9.2 We warrant that (a) we will not materially decrease the overall security of the Sage Services during a subscription term, (b) the Sage Services will perform materially in accordance with the applicable Collateral,
, (c) we will not materially decrease the functionality of the Sage Services during a subscription term, and (d) the Sage Services and Content will not introduce Malicious Code into your systems. For any breach of an above warranty, your exclusive remedies are those described in sections 12.3 and 12.5.

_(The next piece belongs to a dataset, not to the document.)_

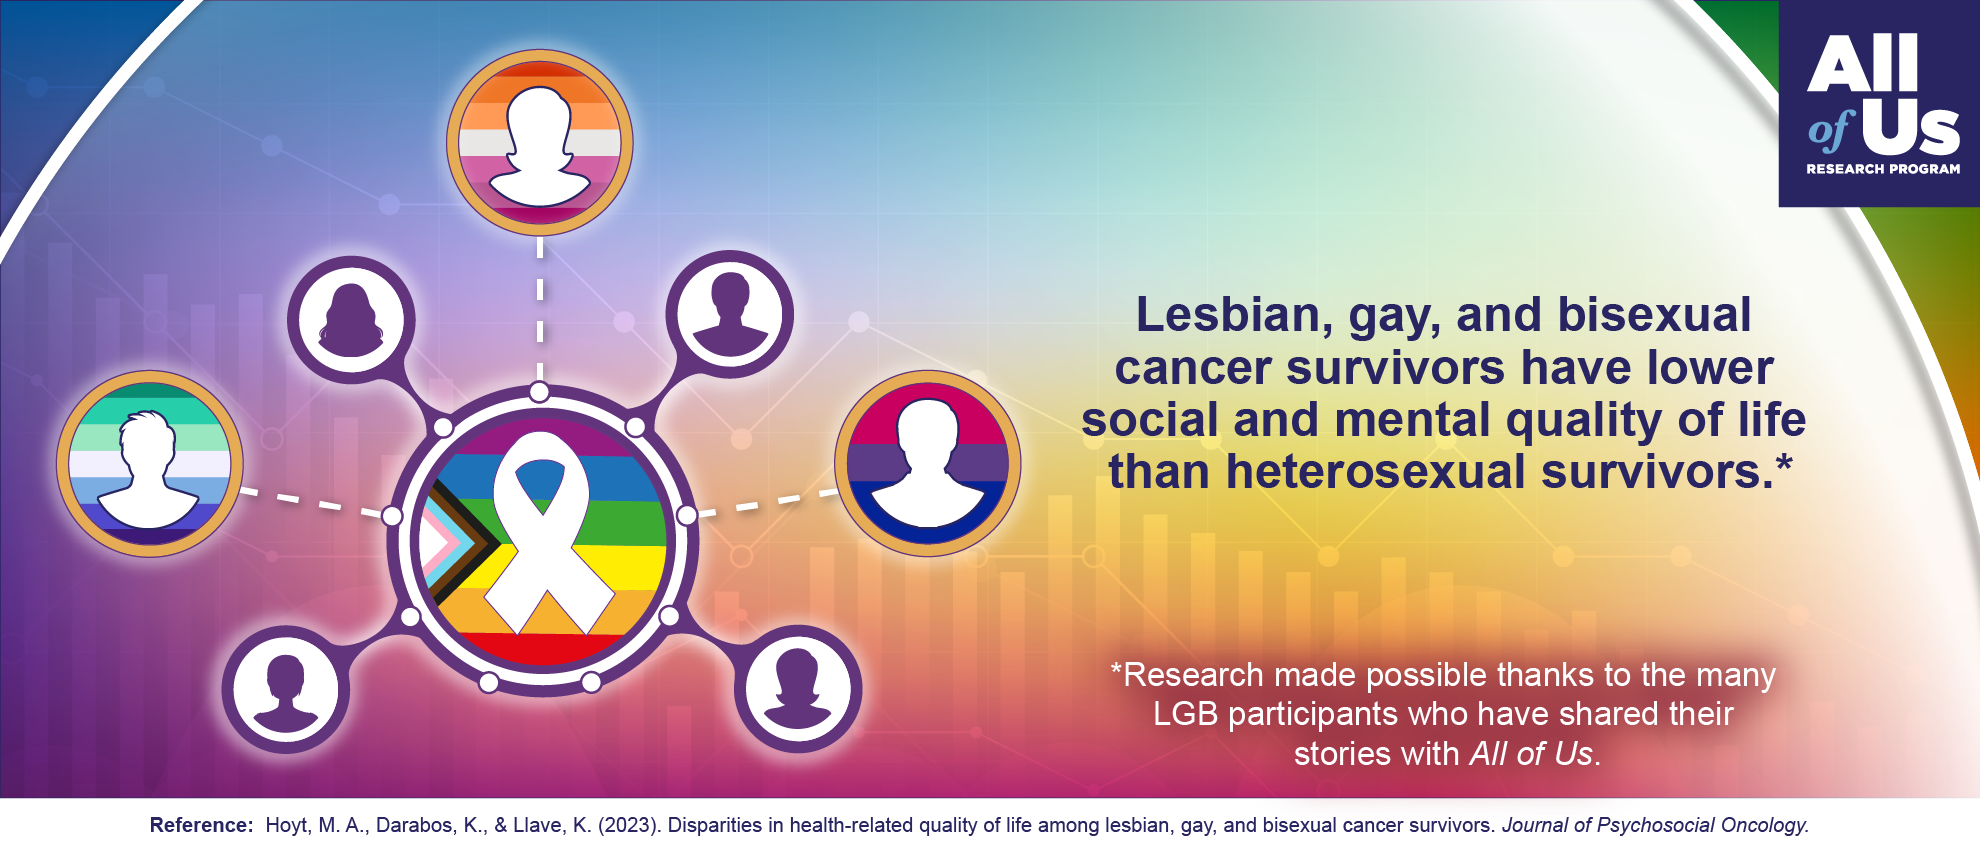 Lesbian, gay, and bisexual cancer survivors have lower social and mental quality of life than heterosexual survivors. Research made possible thanks to the many LGB participants who have shared their stories with All of Us. Reference: Hoyt, M.A.; Darabos, K.; and Llave, K. (2023). Disparities in health-related quality of life among lesbian, gay, and bisexual cancer survivors. Journal of Psychological Oncology. Logo of the All of Us Research Program.

9.3 EXCEPT AS EXPRESSLY PROVIDED ELSEWHERE WITHIN THIS AGREEMENT, NEITHER PARTY MAKES ANY WARRANTY OF ANY KIND, WHETHER EXPRESS, IMPLIED, STATUTORY OR OTHERWISE, AND EACH PARTY SPECIFICALLY DISCLAIMS ALL IMPLIED WARRANTIES, INCLUDING ANY IMPLIED WARRANTY OF MERCHANTABILITY, FITNESS FOR A PARTICULAR PURPOSE OR NON- NON-INFRINGEMENT, TO THE MAXIMUM EXTENT PERMITTED BY APPLICABLE LAW.
9.4 CONTENT IS PROVIDED “AS IS,” AND NO REPRESENTATIONS, CONDITIONS OR WARRANTIES ARE GIVEN IN RESPECT OF CONTENT.